Gather node

I was wondering, why there is no “gather” node yet in the core.
There is Aggregate node, which can “gather” multiple items into a single list. But there is no such node that gathers all runs of previous node, and only if it’s done, it continues in the

My use case:

I have a workflow, where I fetch data from multiple google sheets. Then this data, since it is same structure, is connected to code node which does some heavy data transformation in python+pandas. I cannot merge those datasets first (resources reasons) and then chunk it (have to process them file by file). That leaves me with multiple executions of the code node. There is no way right now natively to “gather” all runs of that code node, and put it into a single list.

I know might’ve used:

  • duplicate the code node for each of the sheets, and then merge it using merge node - this is not scalable.
  • loop with sheet URLs and process in loop - but having multiple nodes is better for a no-coder colleague to view the workflow.

Any resources to support this?

This was already mentioned few times:

Aggregate works per execution, not across multiple executions/runs. n8n currently has no native “gather/join-all-runs-then-continue” node, which is exactly what your use case needs.

What actually works in practice (not pretty, but reliable):
• Use Loop Over Items → Execute Workflow pattern and return results
• Or Write each run output to external state (Data Store / DB / file) and have a final “collector” step
• For Python-heavy transforms, many teams offload aggregation to the Python layer itself (append results inside pandas, then emit once)

You’re also right that duplicating nodes or giant loops hurts maintainability for non-coders — that’s the tradeoff today.

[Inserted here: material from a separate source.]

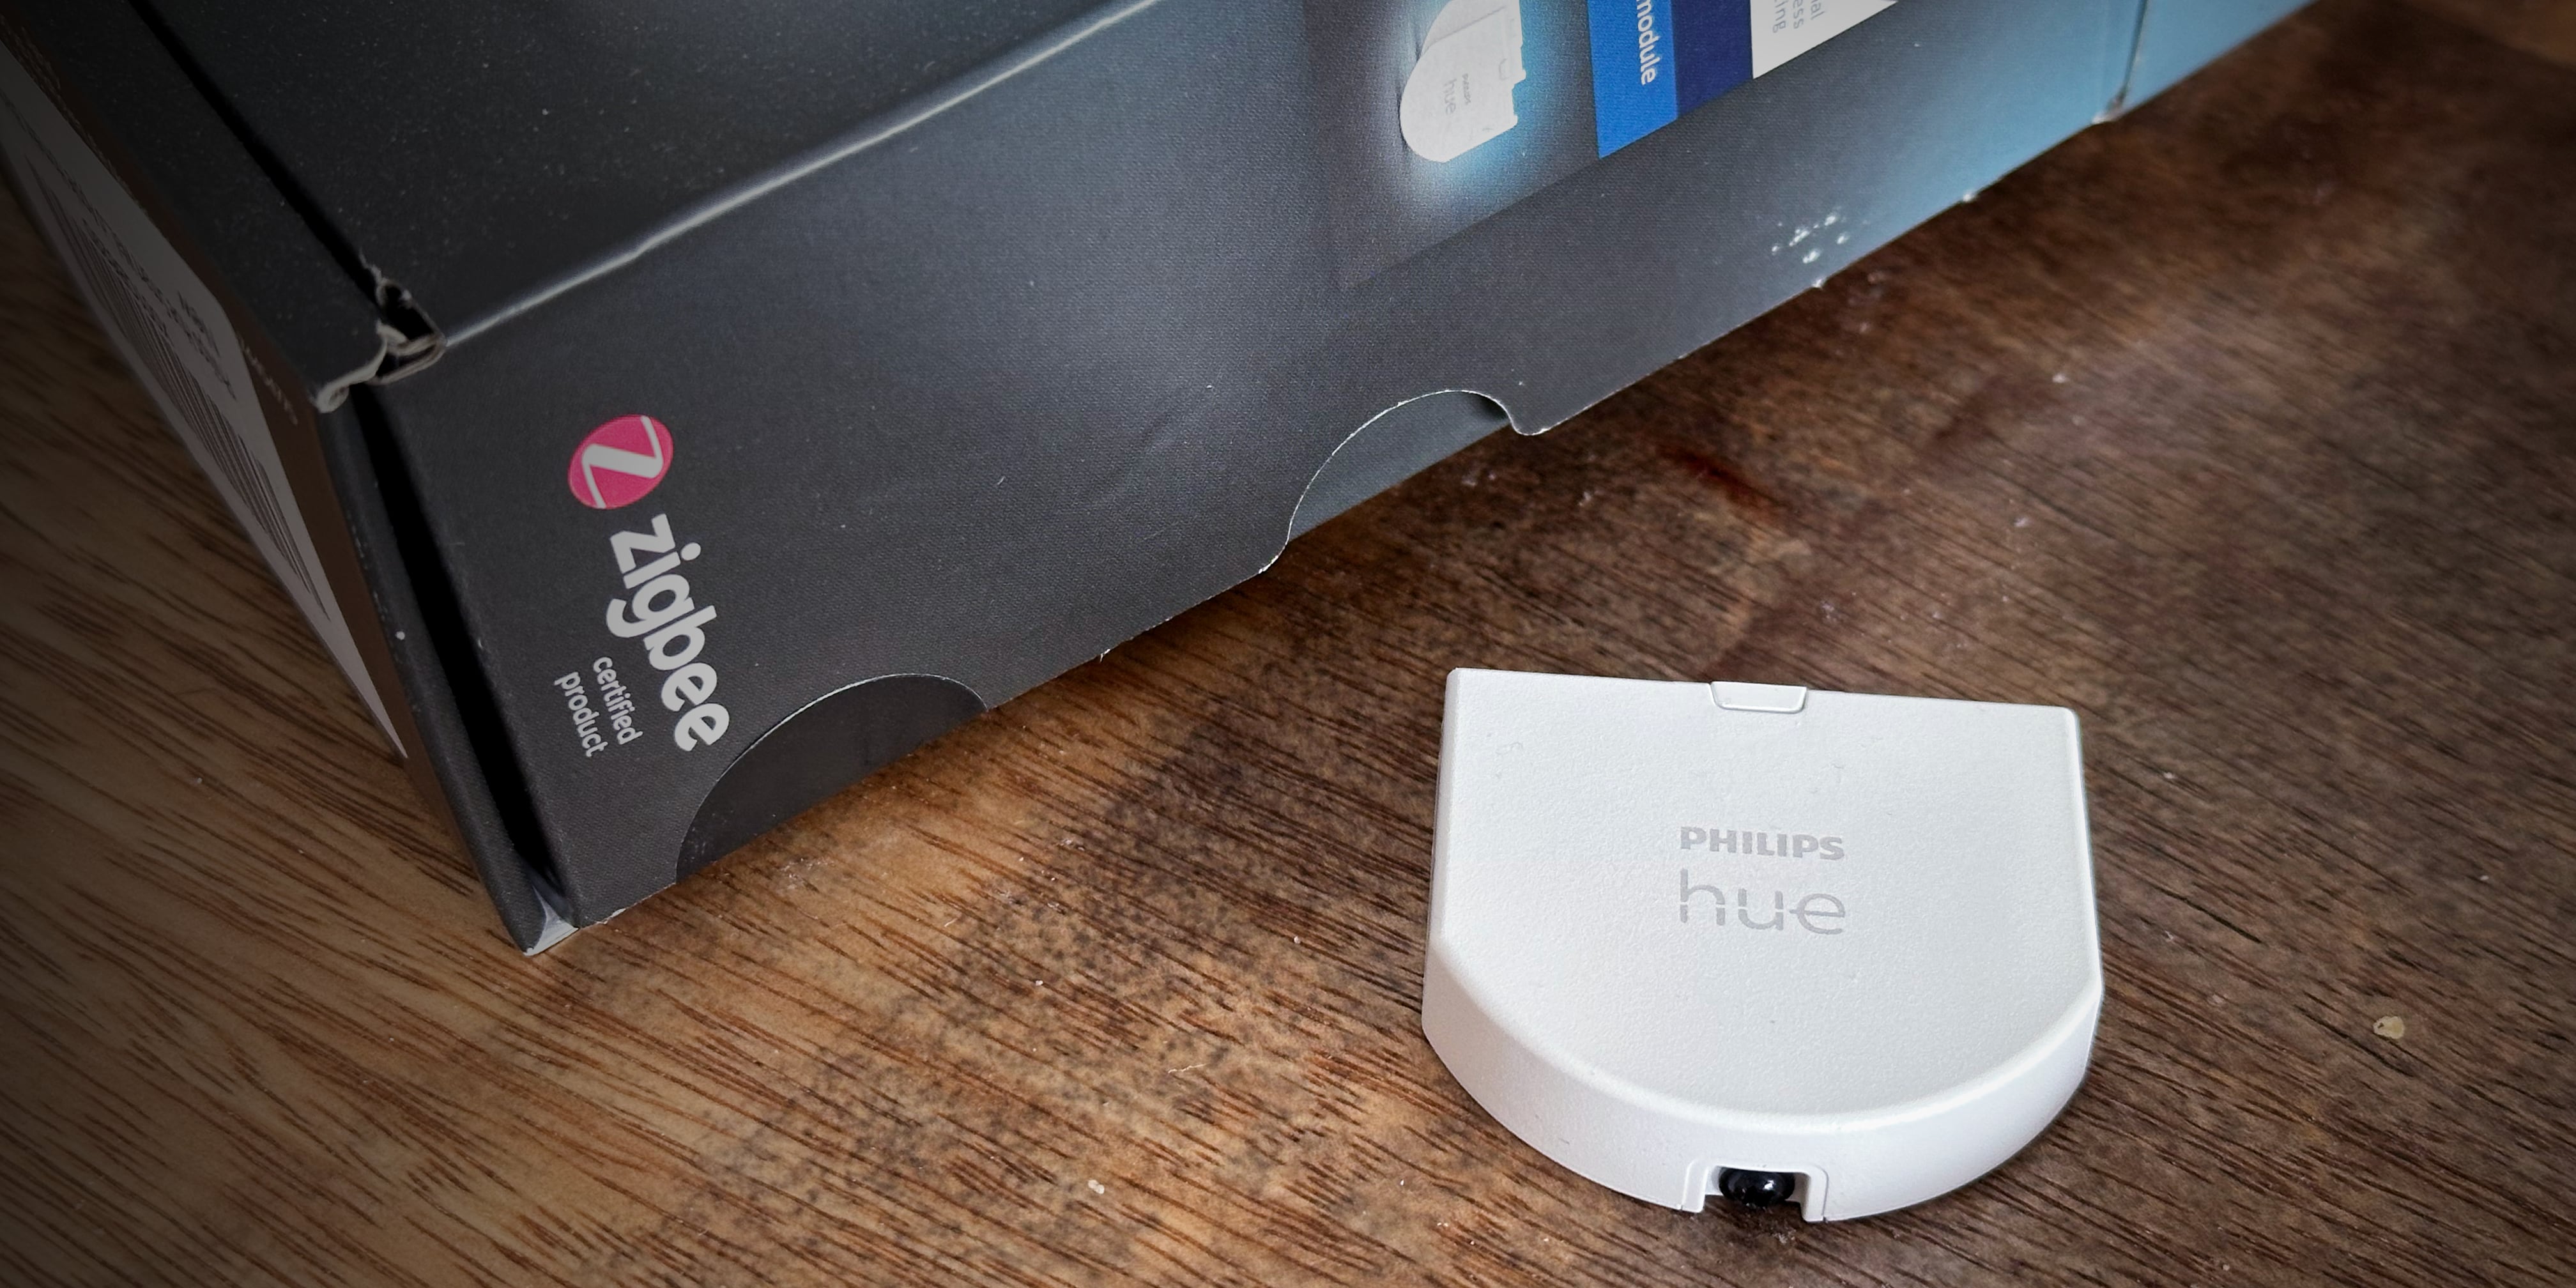 Philips Hue Review: Wall Switch module makes your existing light switches smart - 9to5Mac

This has come up a lot internally and in the forum; a true “Barrier / Gather / Wait-for-all” node would unlock much cleaner data-engineering workflows in n8n.

If you want, I can sketch a clean pattern that keeps the workflow readable for no-coders and still gathers everything safely:

Maybe there was a misunderstanding, I’m not talking about the multiple execution of whole workflow, yes, in that case, I would need to persist the data somewhere else.

The workflows, in my opinion, should be state-less in the first place.
What I mean is multiple executions (runs) of a node in a single workflow execution.

In example below, the the “Code node” will be run twice. Which is correct, imagine you need to process the two dataset. Imagine this is constraint (cannot merge the data before - due to memory reasons), and cannot process it in batches (due to data continuation).

From the same reason, you cannot “append” inside python/pandas - the dataset needs to be processed sequentially, cannot be processed at once.

But, the problem is, that you need to somehow gather the result data after, the code node is executed twice, before continuing in the workflow (e.g. writing out to database to save time / optimize HTTP calls).

The only current workaround I found is doing it in the loop (which does it internally), Which brings unnecessary overhead, complication and the need to define the data programatically (not UX friendly to non-tech colleagues)

The n8n already does it, internally. The loop node does it. Also, each of the nodes has runIndex parameter in all method, which can basically gather the data from other runs, but still does not prevent from running that code node multiple times. There’s no true way to “wait” until last execution, then continue in following nodes.